DIY-Wealth is going to be a membership-based research and teaching organization focused on programs, courses, and digital products on entrepreneurship, business profitability, personal finance, investing, time management, health, productivity, and living with purpose and satisfaction.

That sounds like a lot, now that I say it. But it is tied together and streamlined by being filtered through a narrow funnel: personal experience – primarily mine, but also that of some of the most successful moneymakers I know.

Perhaps the biggest difference between DIY-Wealth and similar businesses I’ve developed in the past is that DIY-Wealth is going to have to reinterpret all the seemingly universal and evergreen truths about increasing income and acquiring wealth – the secrets that I and the rest of our team discovered over the years through trial and error – in the brand-new economic, industrial, and social environment of artificial intelligence.

We will be starting this adventure on the eve of what may very well turn out to be the largest global economic transition since the Industrial Revolution was born nearly 200 years ago. I believe we – and by we, I mean the entire population of the world – are embarking on a voyage into a technological future that will be everything that all the great futurists and science fiction writers once imagined it would be. And more.

And I believe this is going to happen rapidly – starting soon. Like tomorrow!

The Way Digital Technology Blew Up My World 

I don’t know what historians will one day decide, but the digital economy for me began in the mid 1990s, when some of our younger executives began talking about how our industry – the investment newsletter business – was going to change once the World Wide Web was fully spun. BB (my partner) and I had only a rudimentary understanding of what all the commotion was about. But we intuited that if we wanted our company to survive – if we wanted to continue to make money in that industry – we had to figure out how this much ballyhooed prediction of a brave, new information age could happen.
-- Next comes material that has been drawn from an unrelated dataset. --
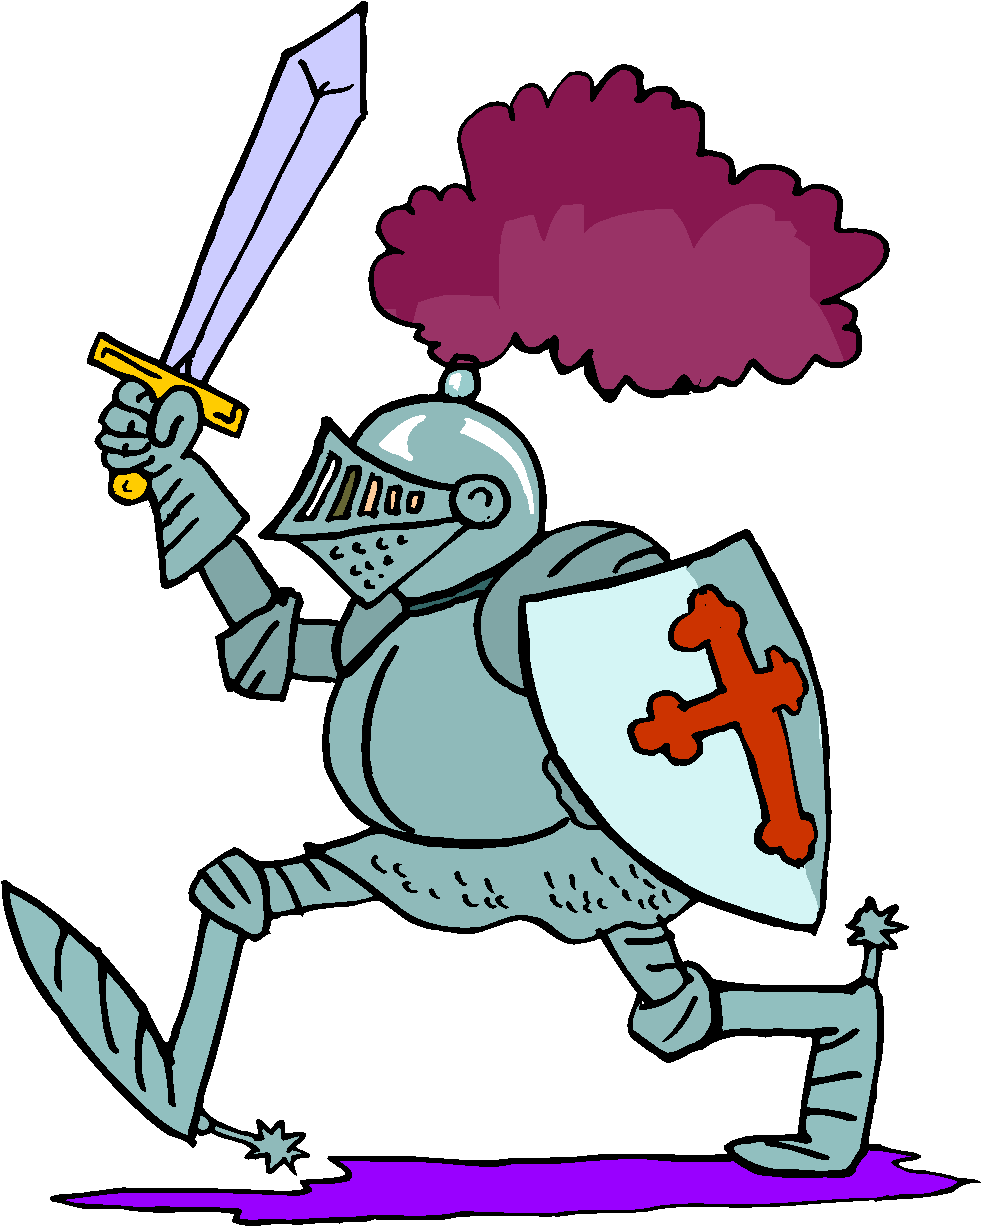 Armor Knight Free Clipart Get This Armor Knight Free Clipart

As the mid-90s turned into the late-90s, we encouraged our publishers to keep up with the changes, and most of them did. Some of them believed that our traditional way of selling our newsletters – by renting addresses from other direct response publishers and mailing sales pitches – was on its way out, and an entirely different marketing model based on advertising our products and services on websites would soon become ubiquitous. There was even a bestselling book about it. I can’t remember the title, but I remember the thesis: that our form of selling, which the author called “push marketing,” was going to be replaced by a more gentle and less intrusive method, which the author called “pull marketing.”

Some of our publishers moved their business to that model. But though BB and I had serious doubts it would work, he began writing and publishing what was then one of the first free online digital newsletters (The Daily Reckoning), and I began writing my own free online daily (Early to Rise). By 1992, we were glad we did, because the circulation of each of our newsletters had grown immensely – to about a million subscribers each. More importantly, we gradually figured out how to monetize those “free” names. It became what for two decades was called “The Agora Method,” the standard marketing model for hundreds (if not thousands) of digital publishing companies. And it is still one of the primary methods of selling information online today.

We weren’t the only people to figure this out. Across the world, countless companies that sold information were doing the same thing. And the effect was enormous. In fact, digital direct marketing was a major factor in the rise of global GDP, from roughly $23 trillion in 1990 to over $105 trillion today.